[Material provided — start]

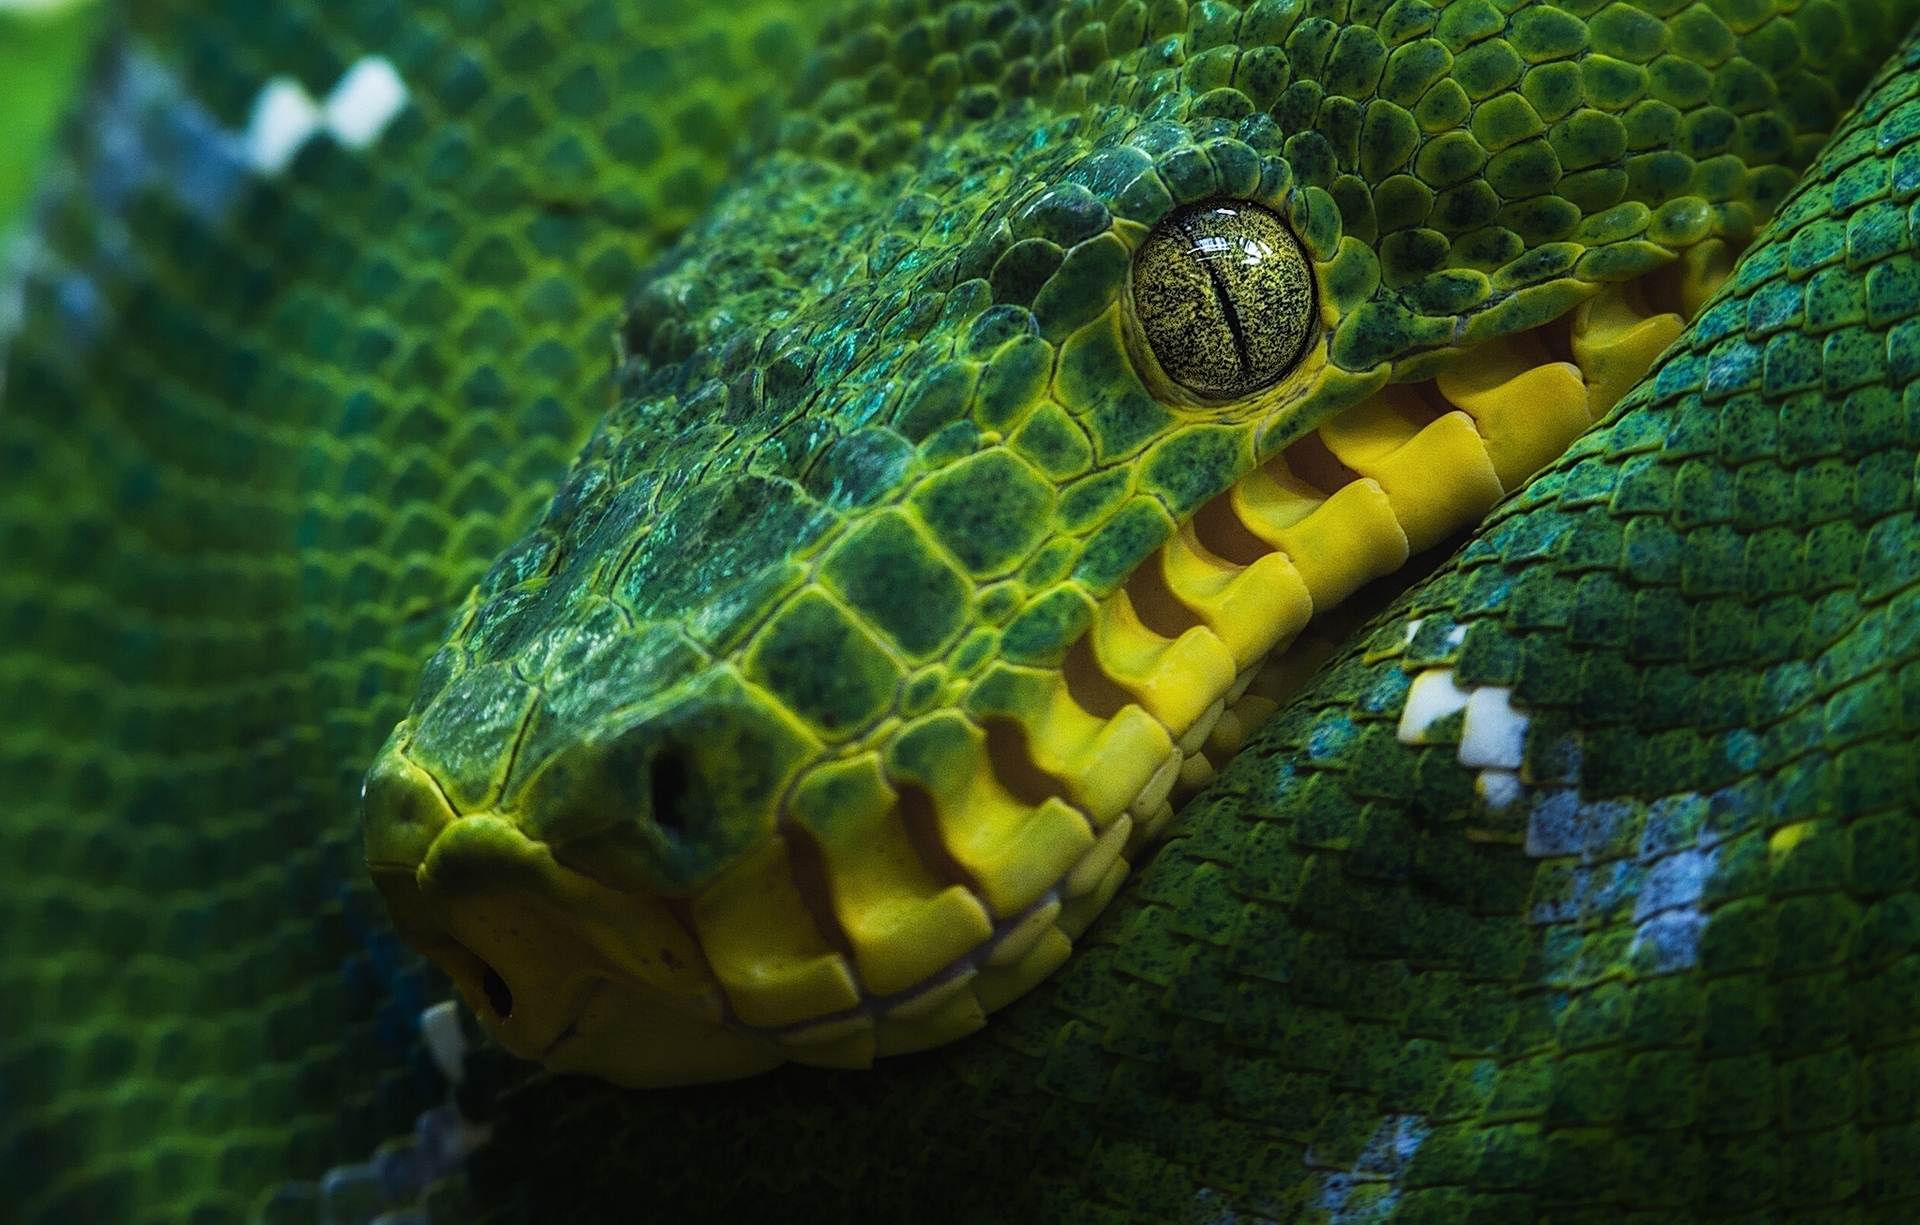 schlangentapete full hd,reptil,schlange,schlange,python familie,grün
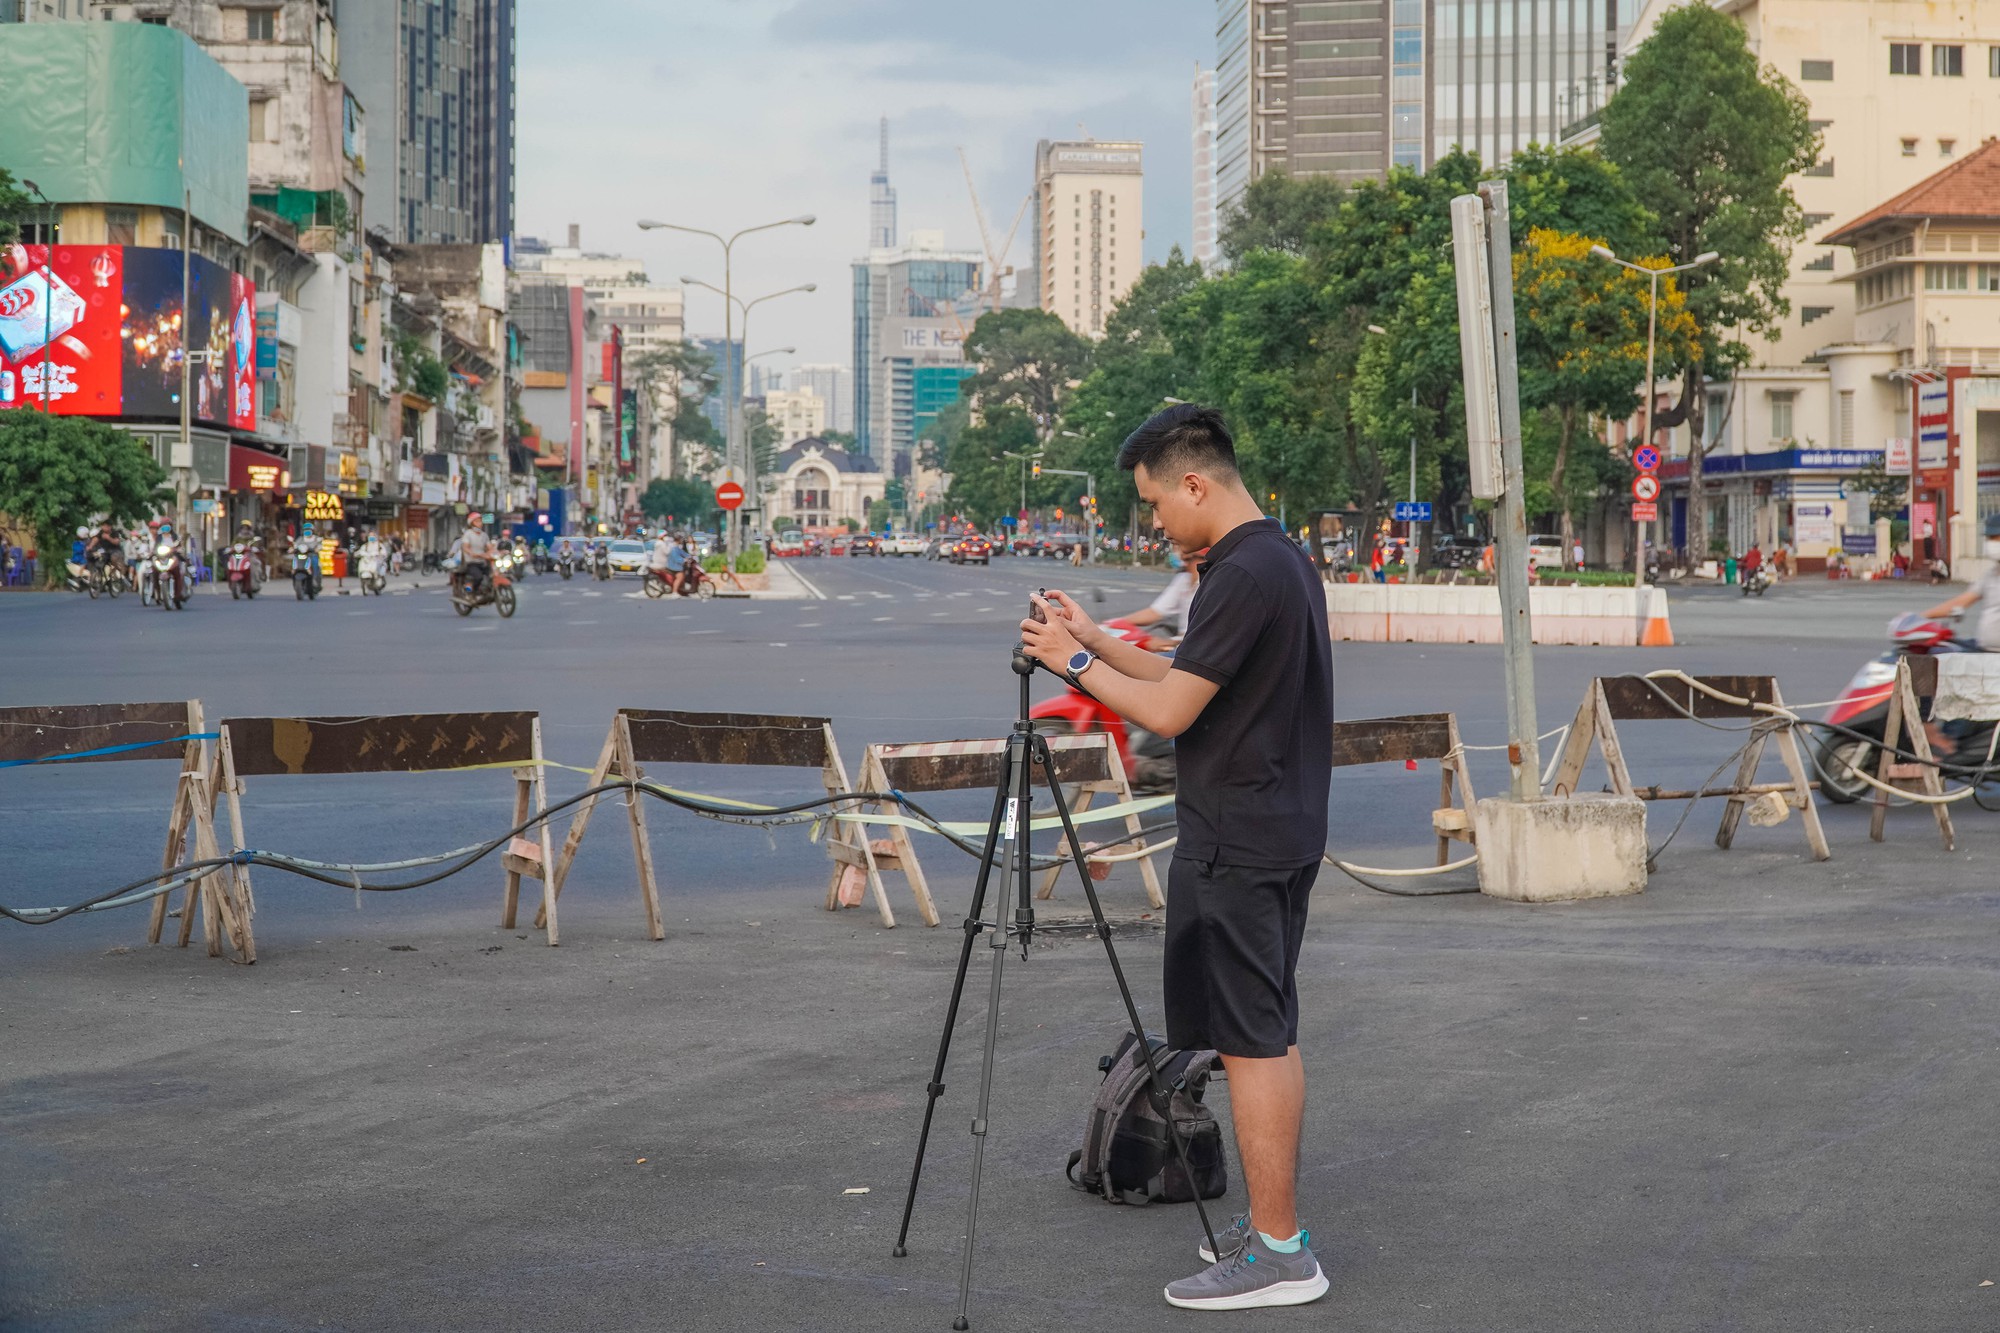 Hình ảnh liên quan đến Bến Thành này thật đặc trưng cho thành phố Hồ Chí Minh. Bức ảnh mang đến cho bạn một cái nhìn sâu sắc về hội chợ đầy sôi động này. Bằng tất cả vẻ đẹp và độc đáo của nó, bạn sẽ đón nhận được sự phấn khích của thành phố lớn.
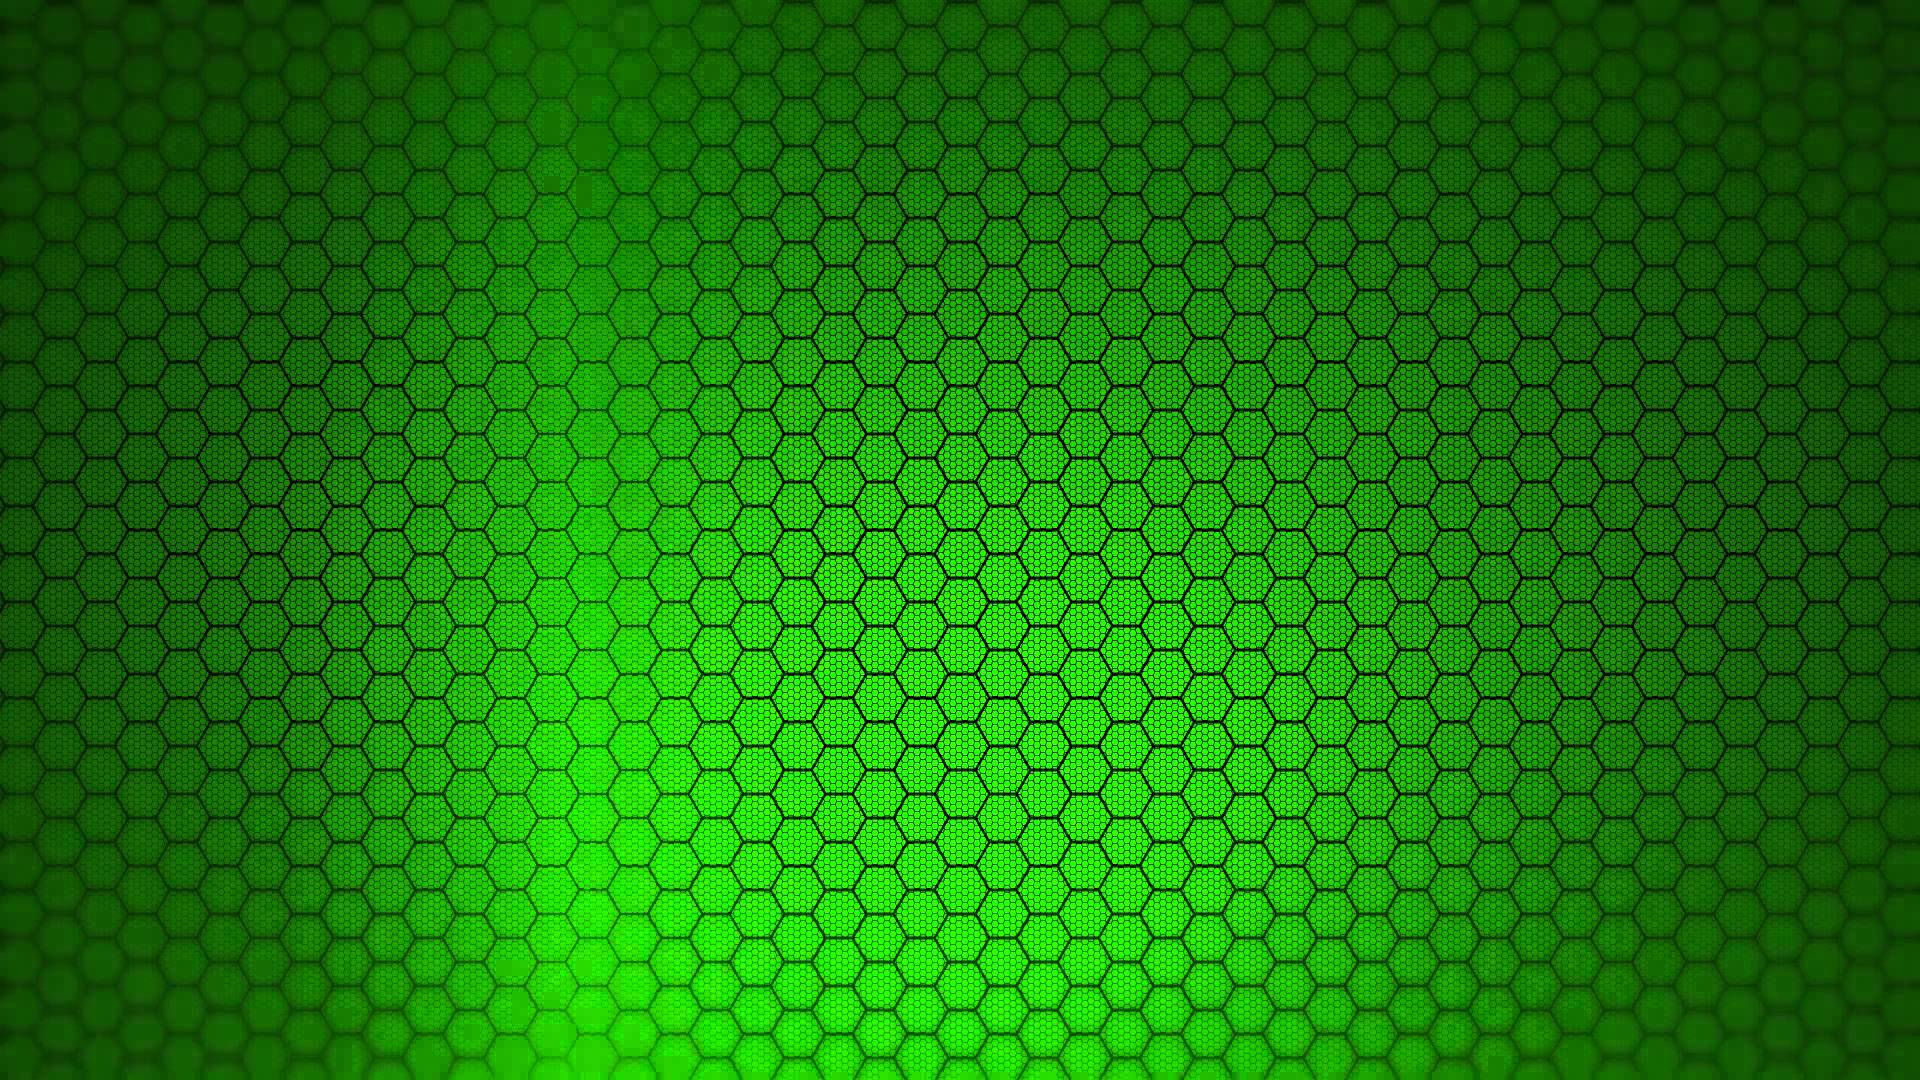 PixelsTalk.Net sẽ mang đến cho bạn hình nền độ phân giải cao với màu xanh lá cây tươi sáng nhất. Bạn sẽ được trải nghiệm hình ảnh sống động và cảm nhận được sự khác biệt từ các tấm hình nền khác.
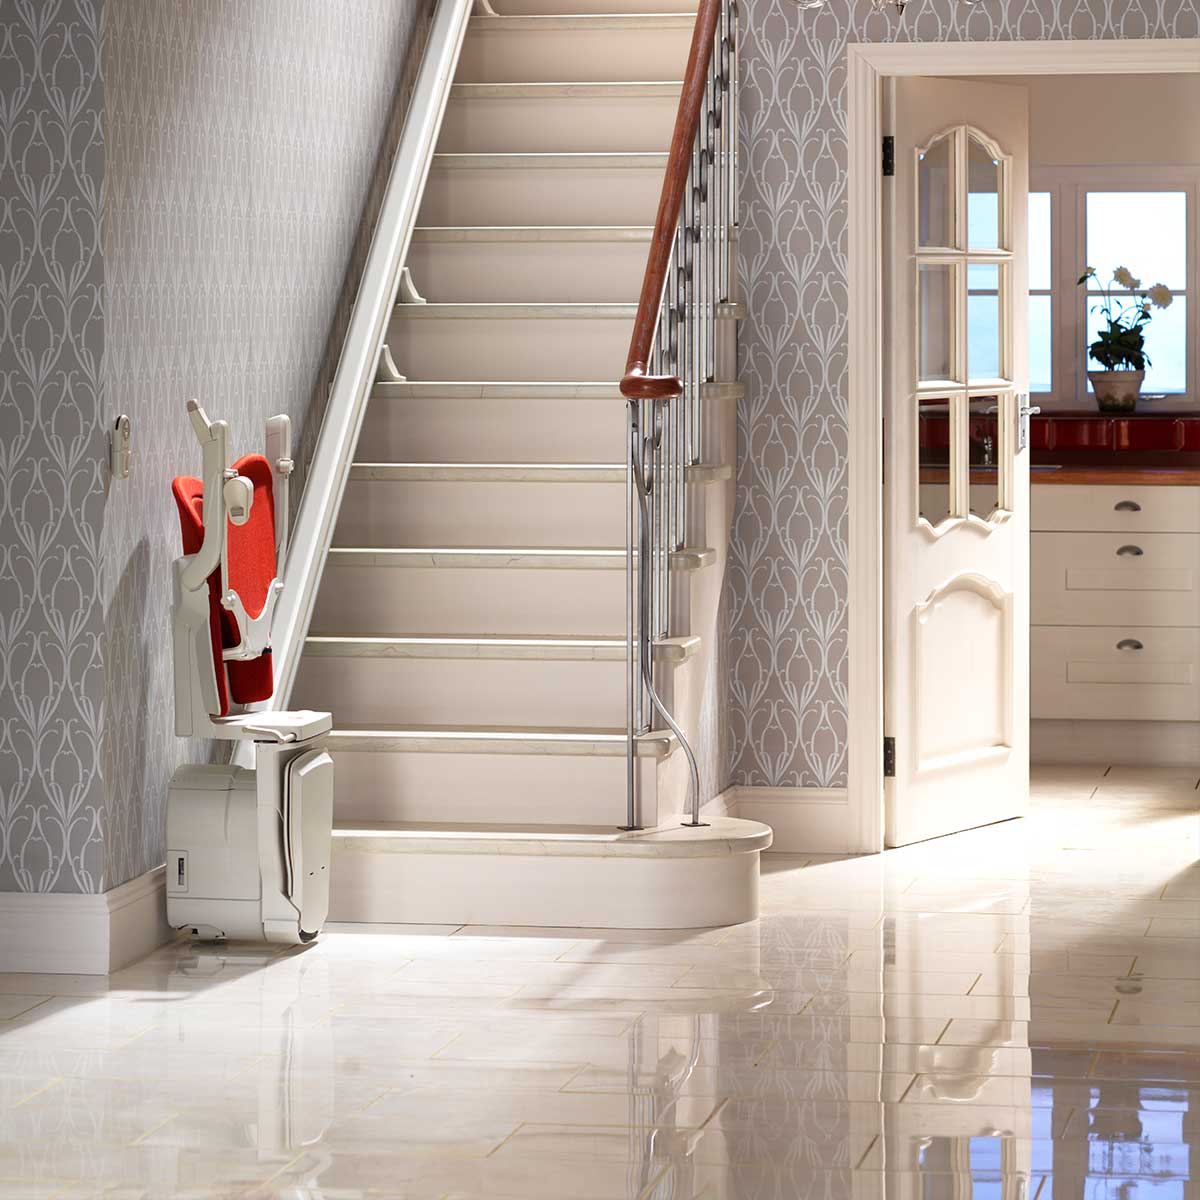 Ein helles elegantes Wohninterieur mit einer Treppe mit eingebautem Treppenlift poliertem weißen Fliesenboden und einer teilweise sichtbaren offenen Tür die in einen anderen Raum führt

[Material provided — finish]

__Task statement__.
Every line of the material must be returned verbatim, and pictures must be left behind.

__Worked solution__.
 schlangentapete full hd,reptil,schlange,schlange,python familie,grün
 Hình ảnh liên quan đến Bến Thành này thật đặc trưng cho thành phố Hồ Chí Minh. Bức ảnh mang đến cho bạn một cái nhìn sâu sắc về hội chợ đầy sôi động này. Bằng tất cả vẻ đẹp và độc đáo của nó, bạn sẽ đón nhận được sự phấn khích của thành phố lớn.
 PixelsTalk.Net sẽ mang đến cho bạn hình nền độ phân giải cao với màu xanh lá cây tươi sáng nhất. Bạn sẽ được trải nghiệm hình ảnh sống động và cảm nhận được sự khác biệt từ các tấm hình nền khác.
 Ein helles elegantes Wohninterieur mit einer Treppe mit eingebautem Treppenlift poliertem weißen Fliesenboden und einer teilweise sichtbaren offenen Tür die in einen anderen Raum führt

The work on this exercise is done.